Stone, too, was skeptical of the expedition—for any dive beyond 200 meters, he said, the concept should be tested first. “I’ve been doing this for a long time, and I’ve got a lot of dead friends,” he says. 

“We’re moving into the zone where robotics isn’t science fiction,” he continues. “It’s hardware, it’s software—we’re doing it. Is it perfect? No. But it’s a couple years away. We’re close to doing dives longer than the longest human dives, and with a kilometer-depth rating it’ll be far, far beyond even hydrogen diving.”

As a diver, Doolette says, he understands wanting to go where nobody else had been before: “Cave divers and other people explore for the joy of it. A robot’s not gonna get that.” The other draw, he says, is the puzzle of figuring out where the cave is going and how to follow it. And when you finally get into the water, the rest of the world falls away. 

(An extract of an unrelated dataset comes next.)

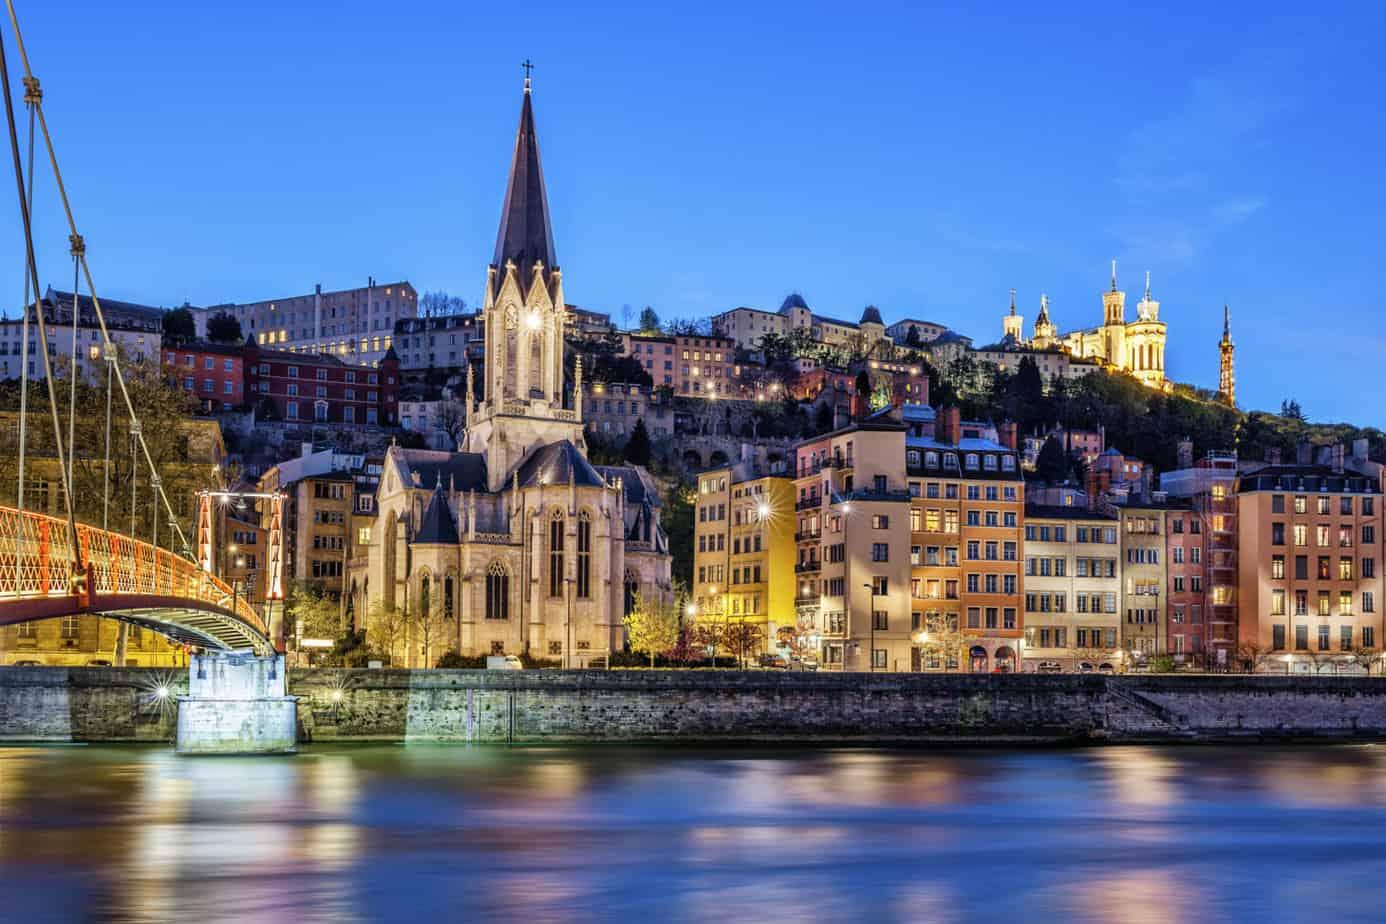 De kathedraal van Lyon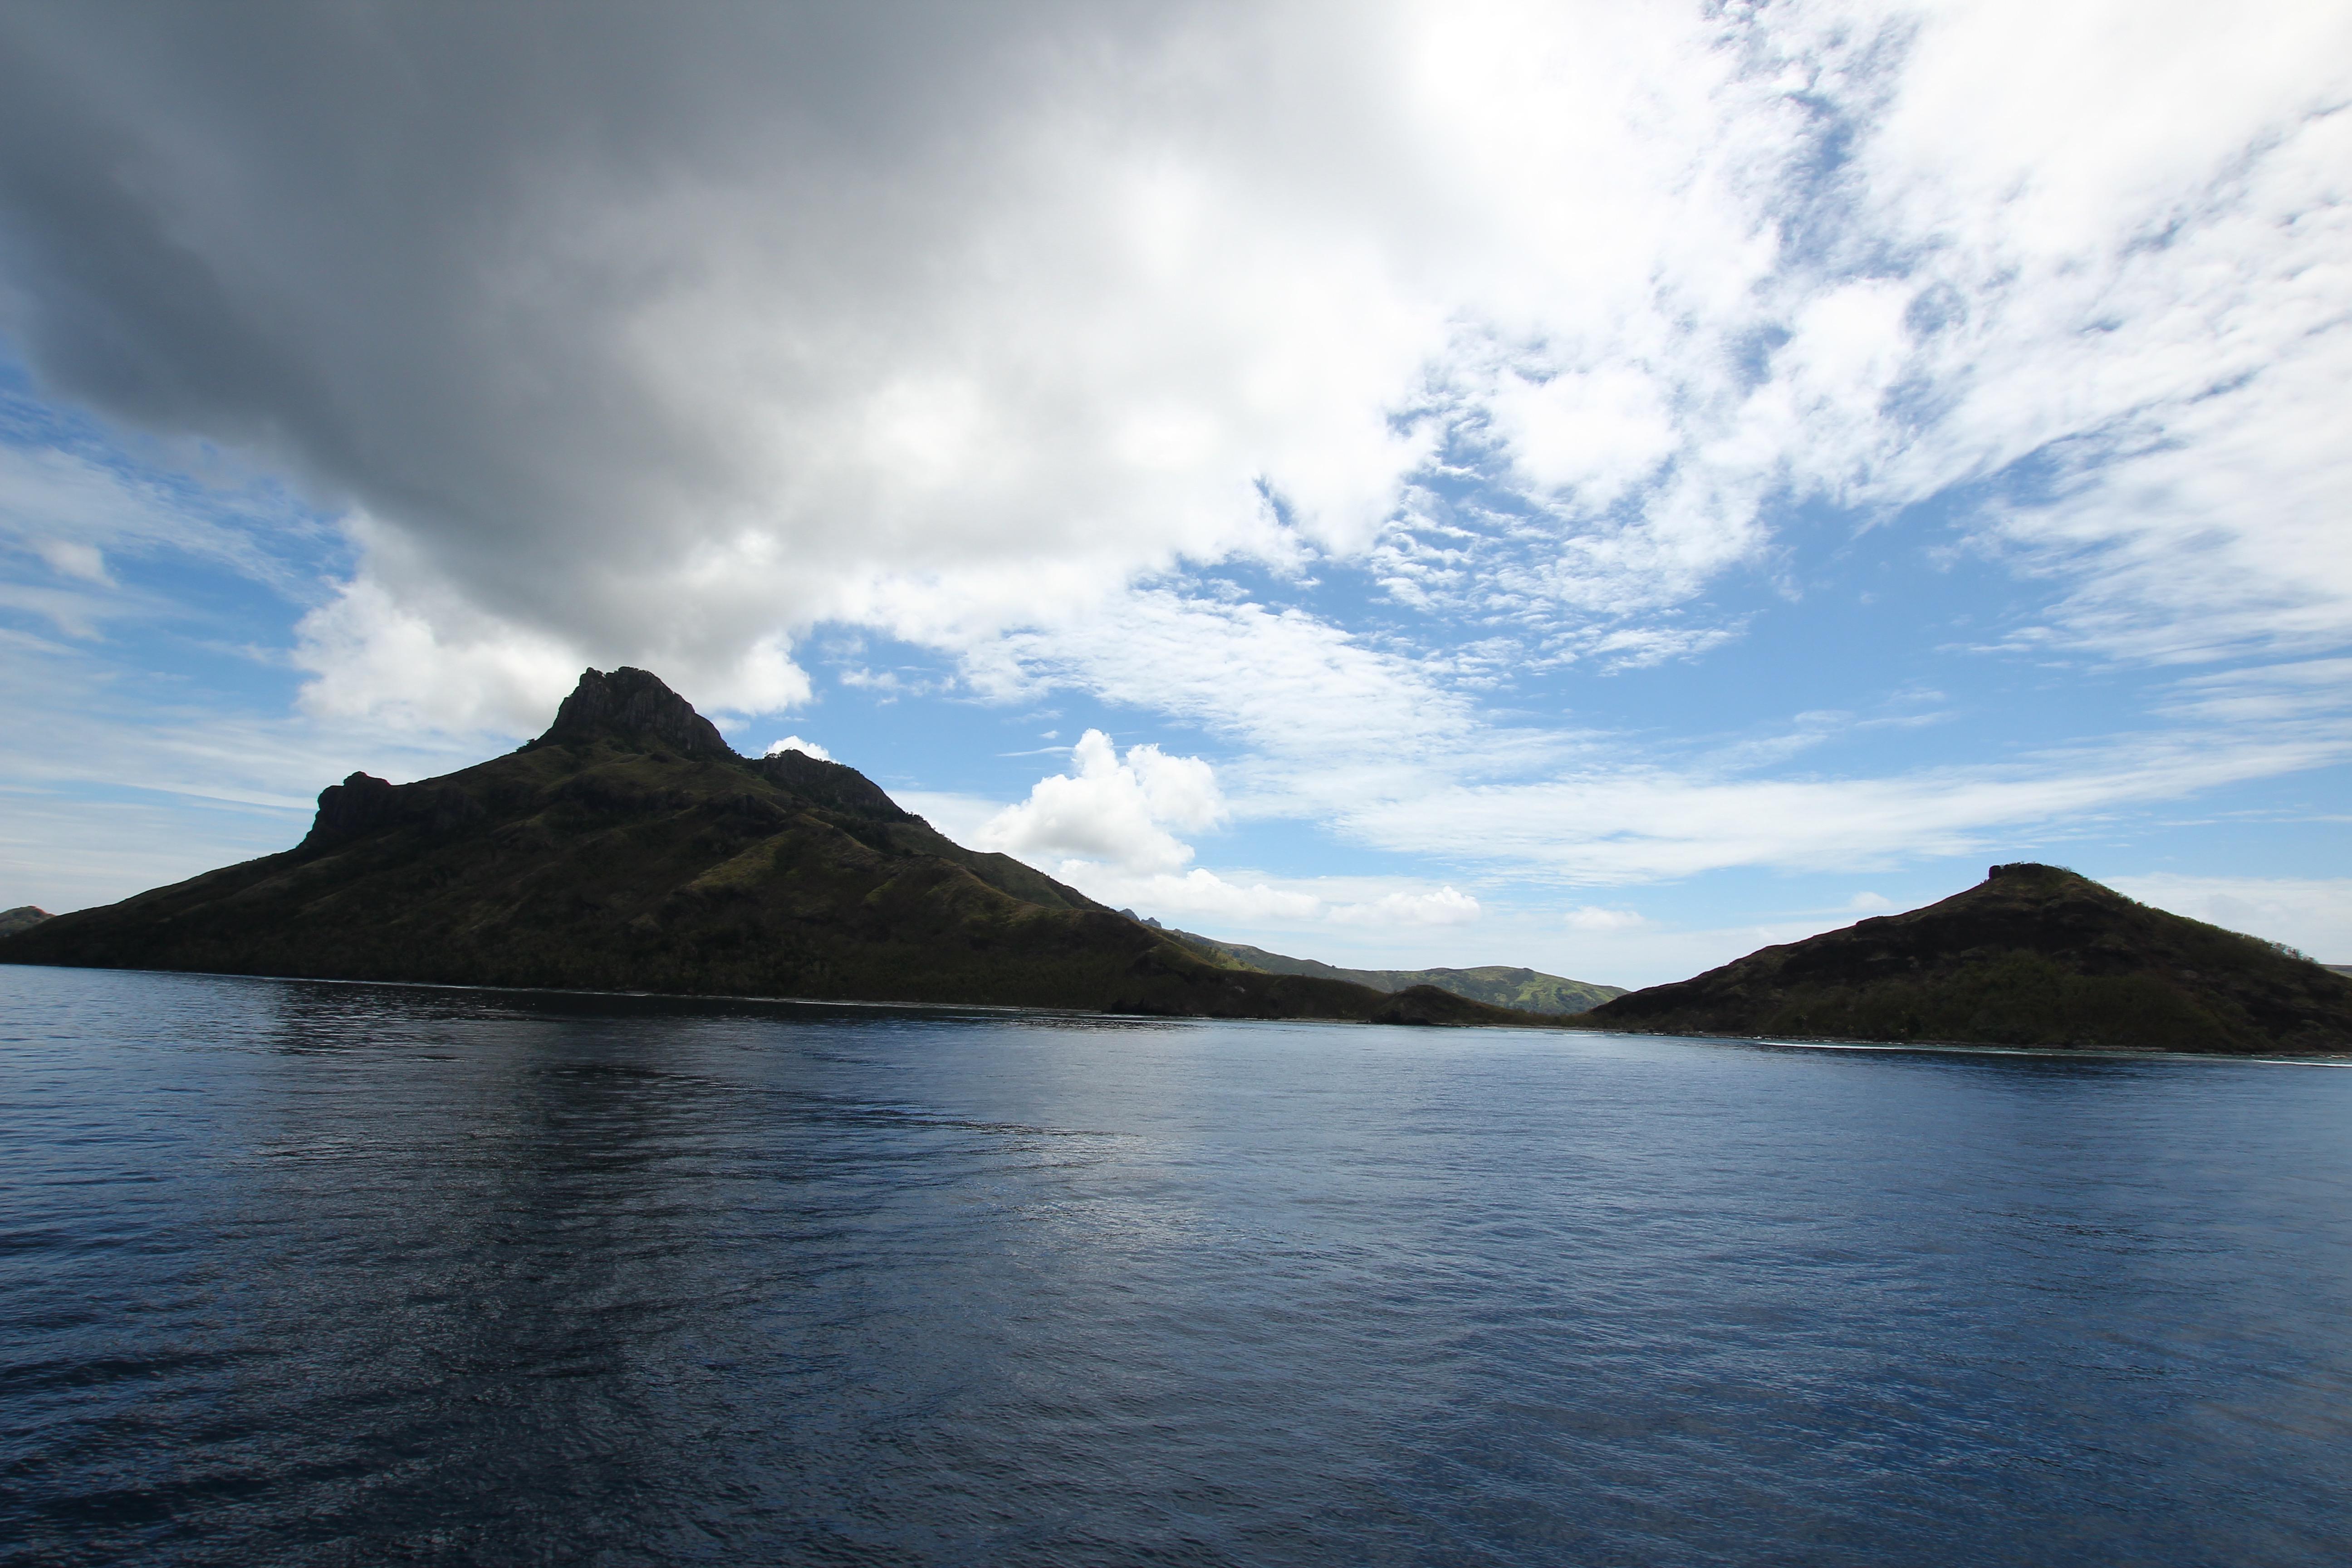 Occtupus island

A few weeks after the hydrogen dive, Harris gave a presentation to the H2 Working Group, apologizing for “sneaking around a little bit.” He concluded with a caveat: n = 1. “Meaning it has been successful one time,” he said. When the PowerPoint ended, the group applauded. “Just something you can add to your final slide, Harry,” Doolette said. “The probability of survival is greater than zero.” 

Doolette was relieved when he learned that Harris had made it back to the surface. “I recognized that it was a pretty groundbreaking, momentous dive,” he told me. “I don’t see the purpose of going deep for the sake of going deep, but if you’re committed to an exploration project and it involves cave diving in pursuit of exploration and discovery, then that’s what you do.”

“There’s always a little temptation to go that little bit further. That’s why we’re doing this stuff,” Challen told me. “We have this defective aspect to our characters that urges us to push on just a little bit more.”